# Try it
What is needed is a word-for-word copy of the lines below from the one with "Hitachi HTS542580K9SA00 manual" through the one with "Designer Italian Leather Bags", both included, with every picture left out.

━━━ Records shown ━━━

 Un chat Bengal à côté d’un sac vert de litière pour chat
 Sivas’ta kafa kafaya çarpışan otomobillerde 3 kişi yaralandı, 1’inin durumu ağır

━━━
━━━ Records shown ━━━

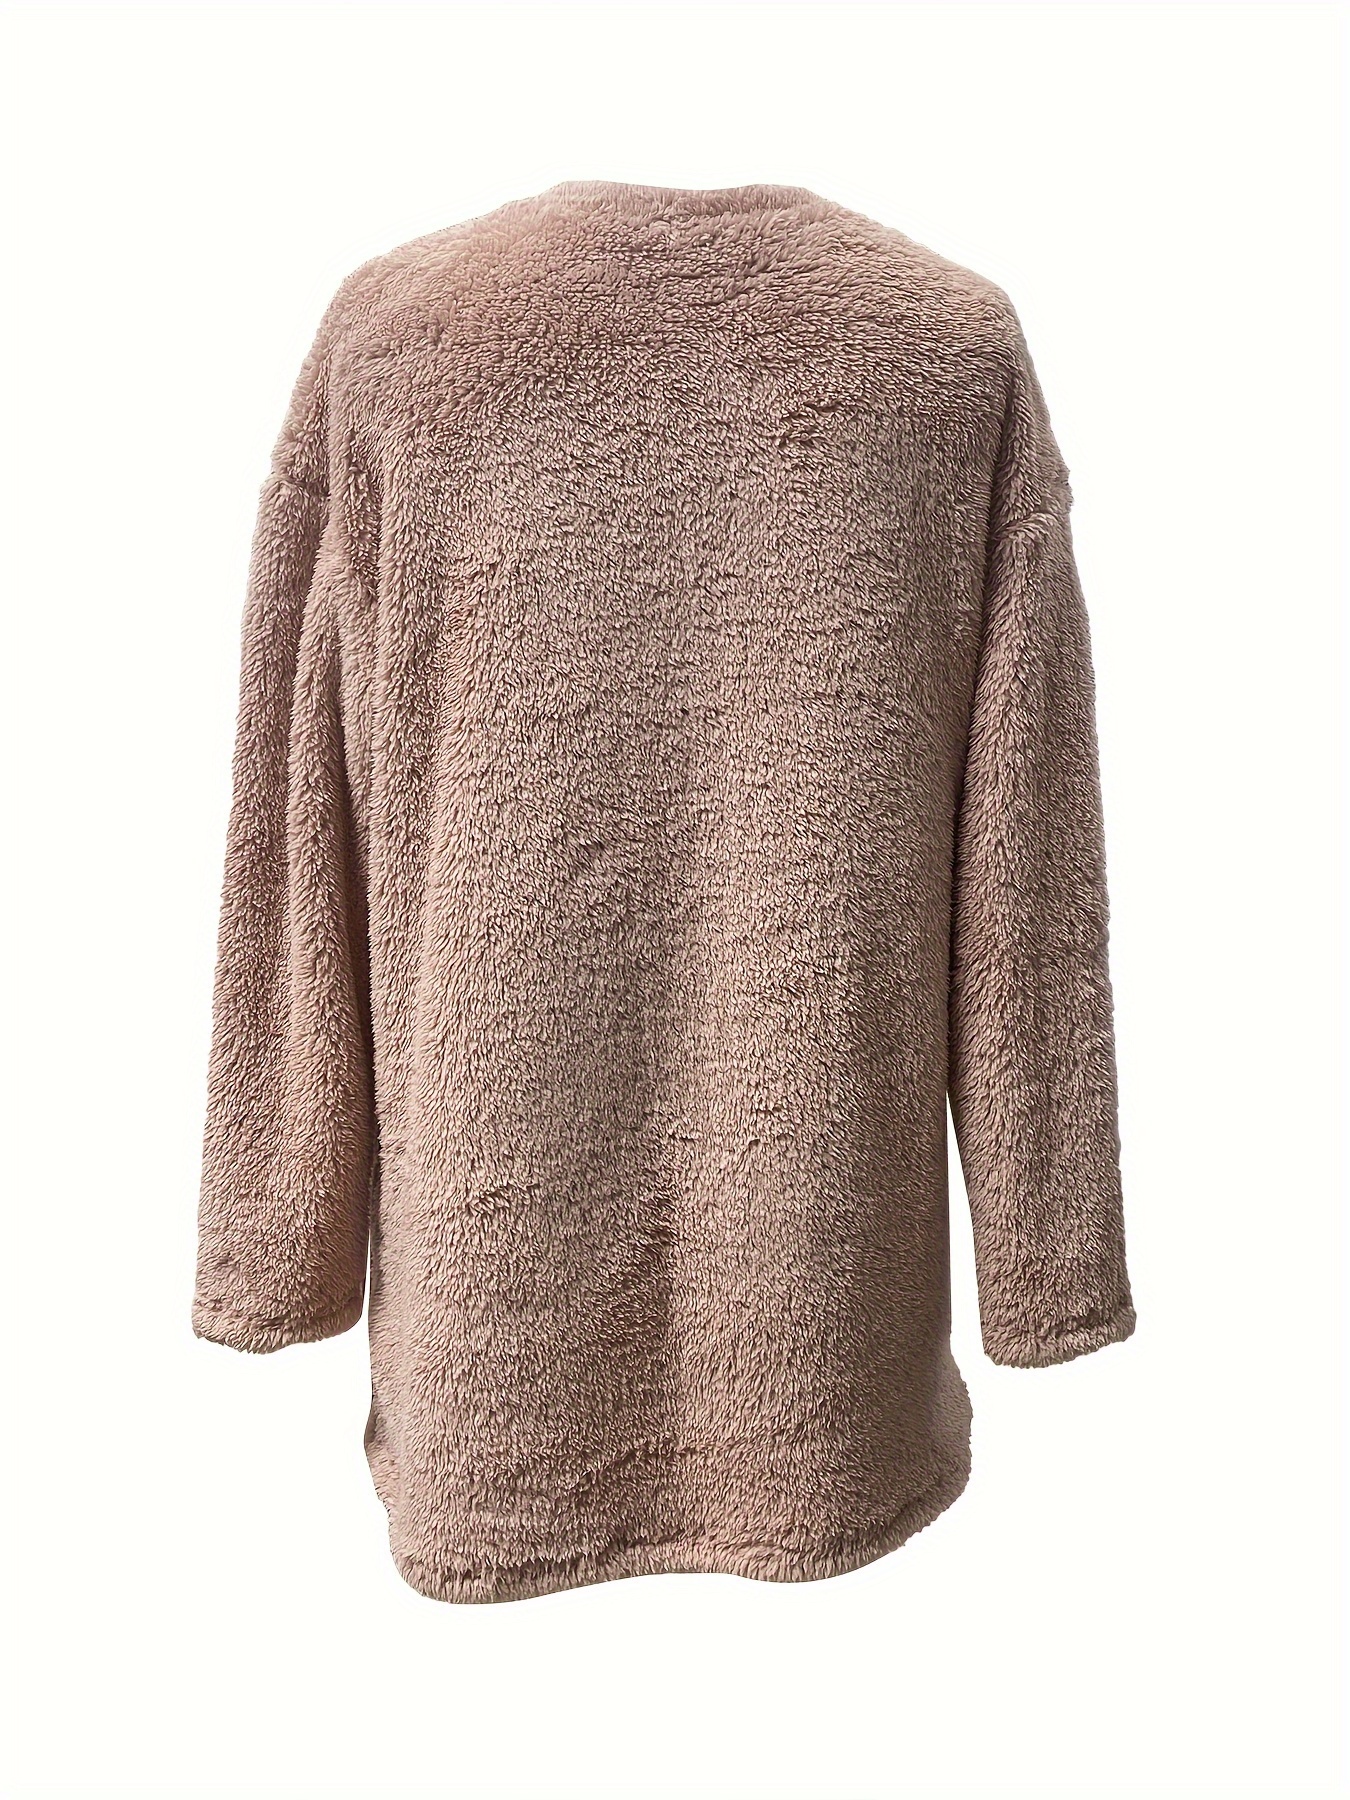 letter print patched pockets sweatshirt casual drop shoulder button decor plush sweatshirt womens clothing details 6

━━━
━━━ Records shown ━━━

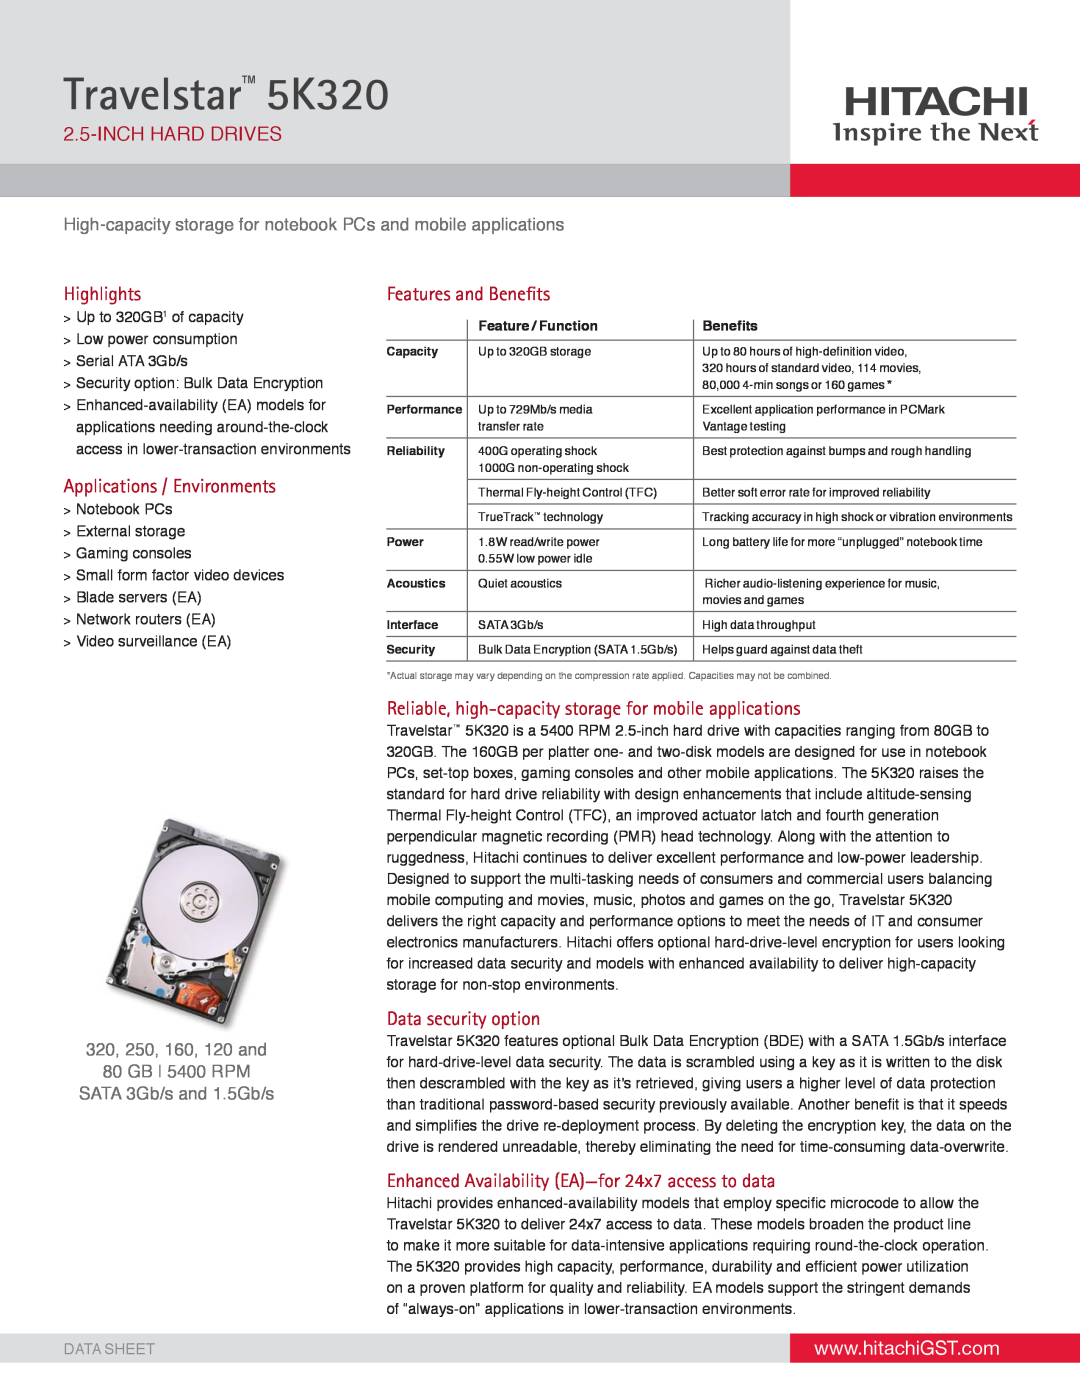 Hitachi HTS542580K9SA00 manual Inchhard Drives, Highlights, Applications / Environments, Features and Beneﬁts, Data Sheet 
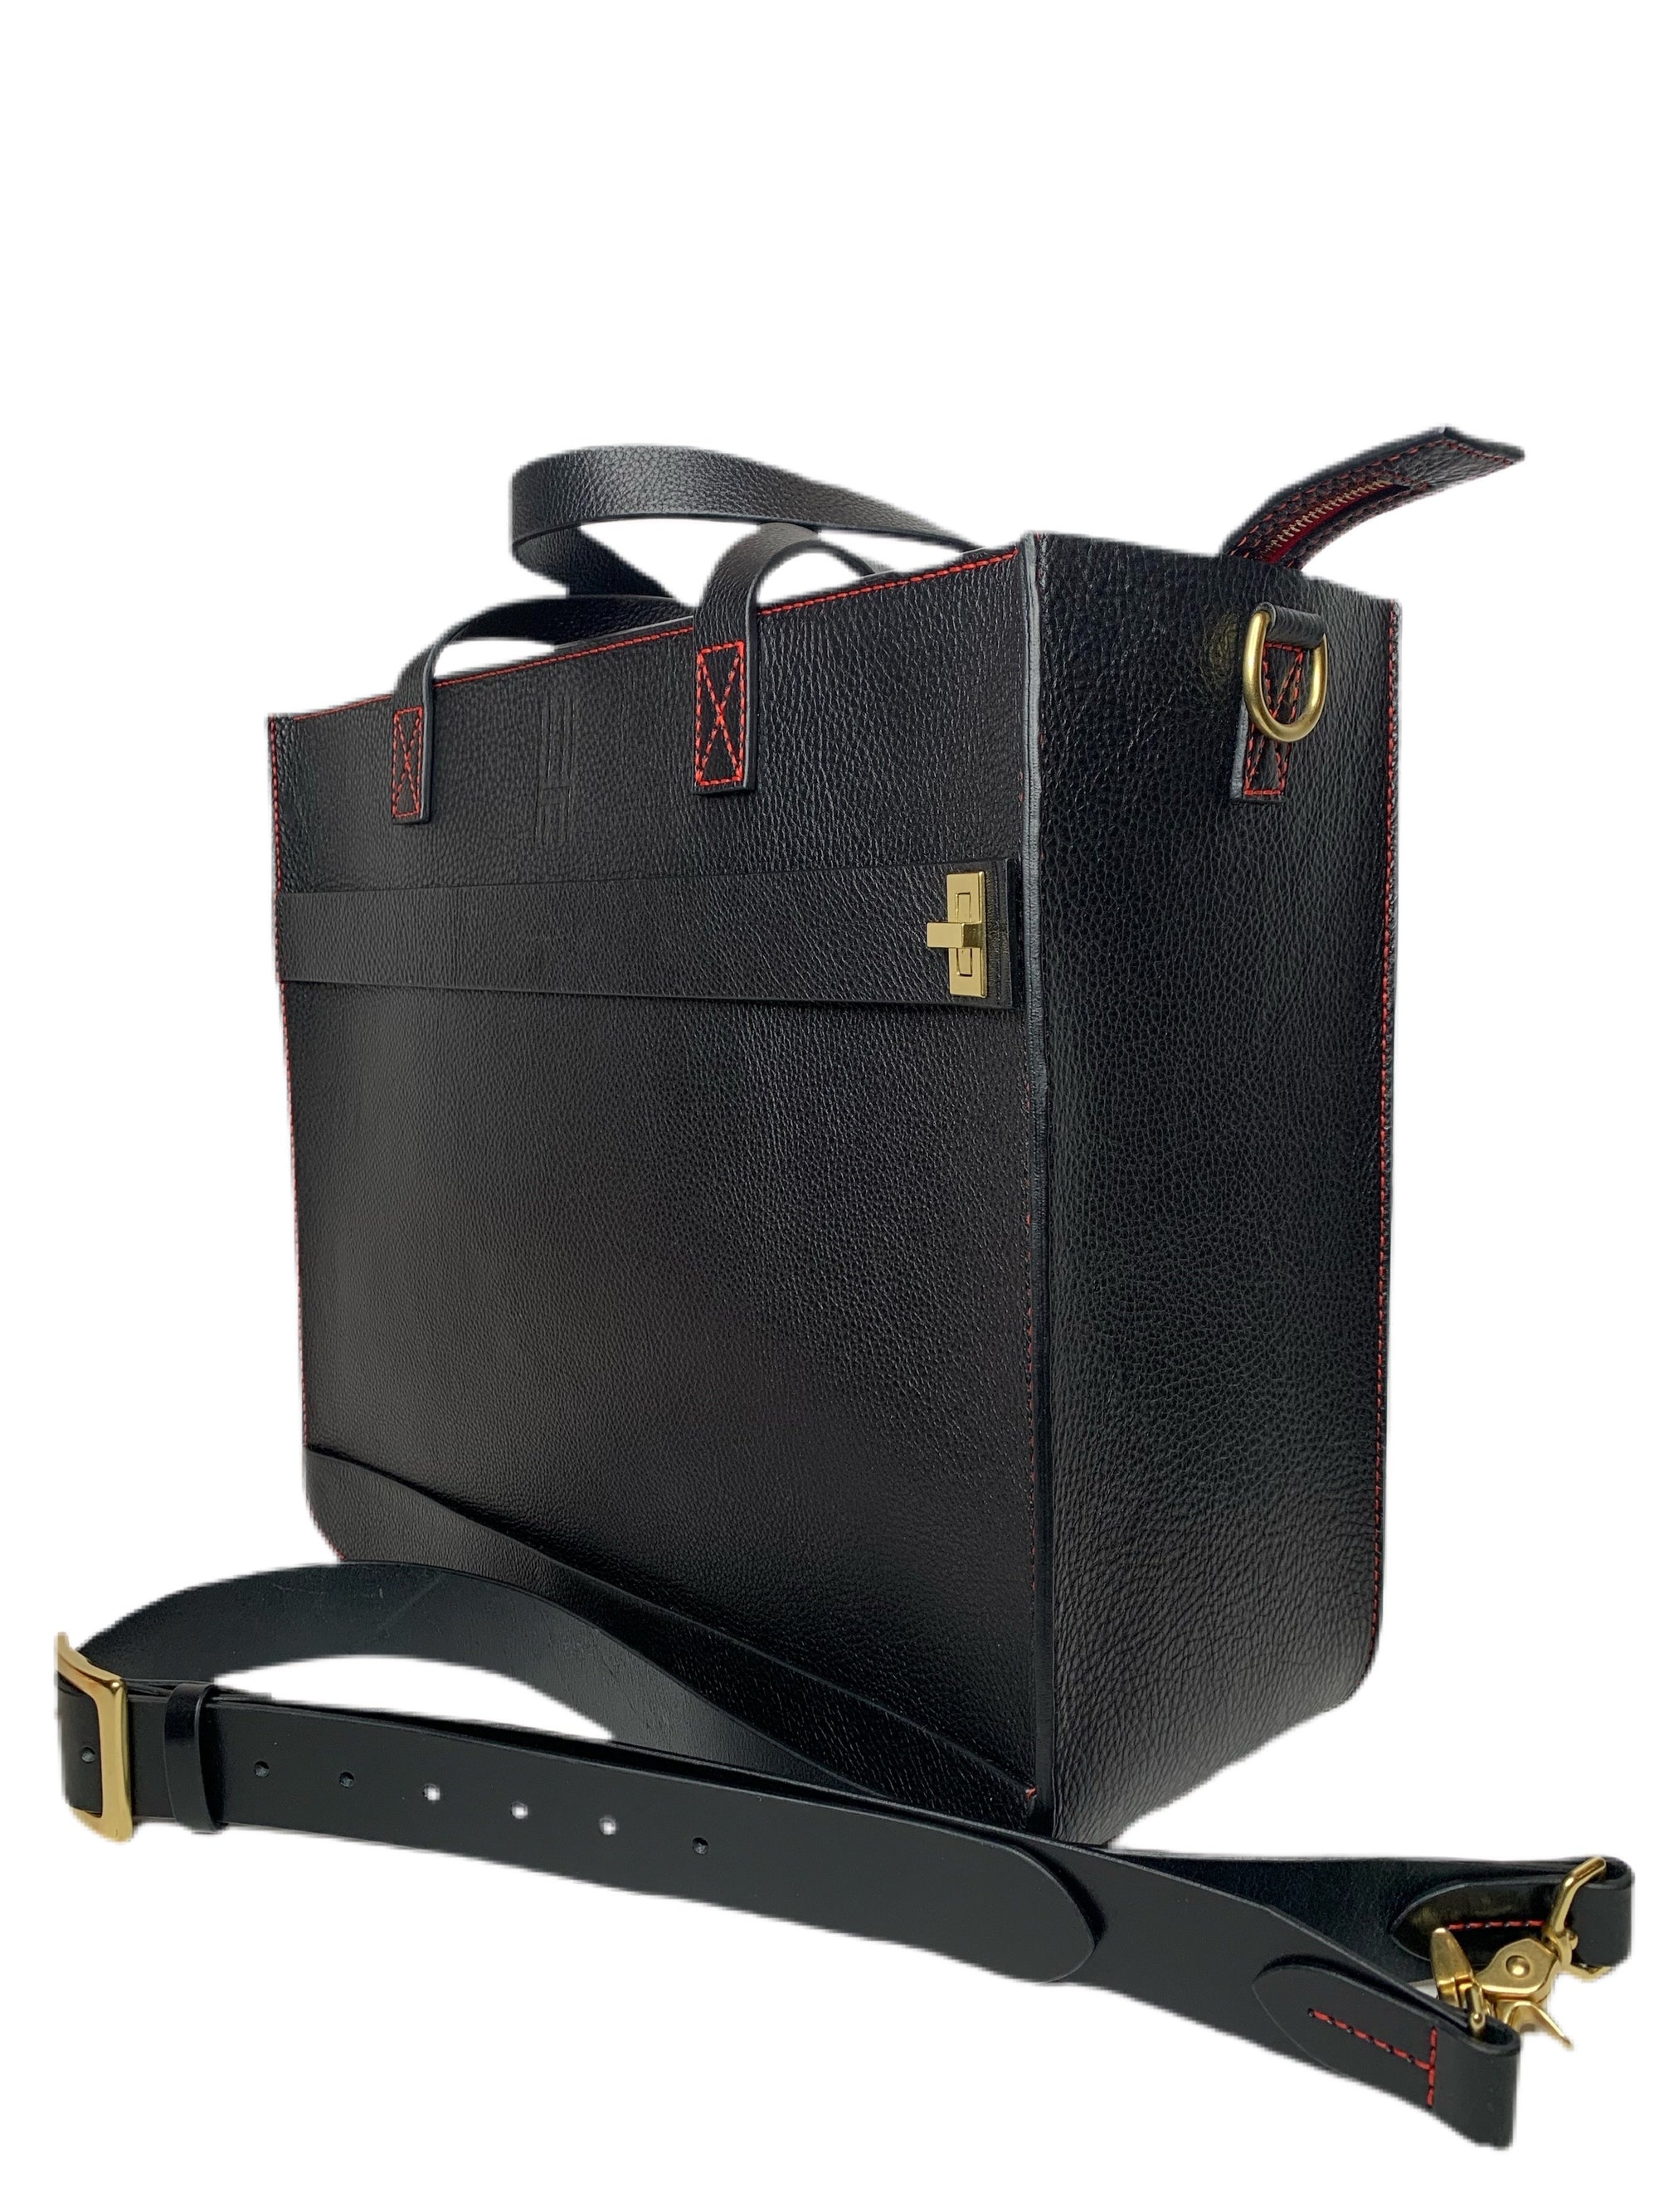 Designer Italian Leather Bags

━━━

# Task response
 Hitachi HTS542580K9SA00 manual Inchhard Drives, Highlights, Applications / Environments, Features and Beneﬁts, Data Sheet 
 Designer Italian Leather Bags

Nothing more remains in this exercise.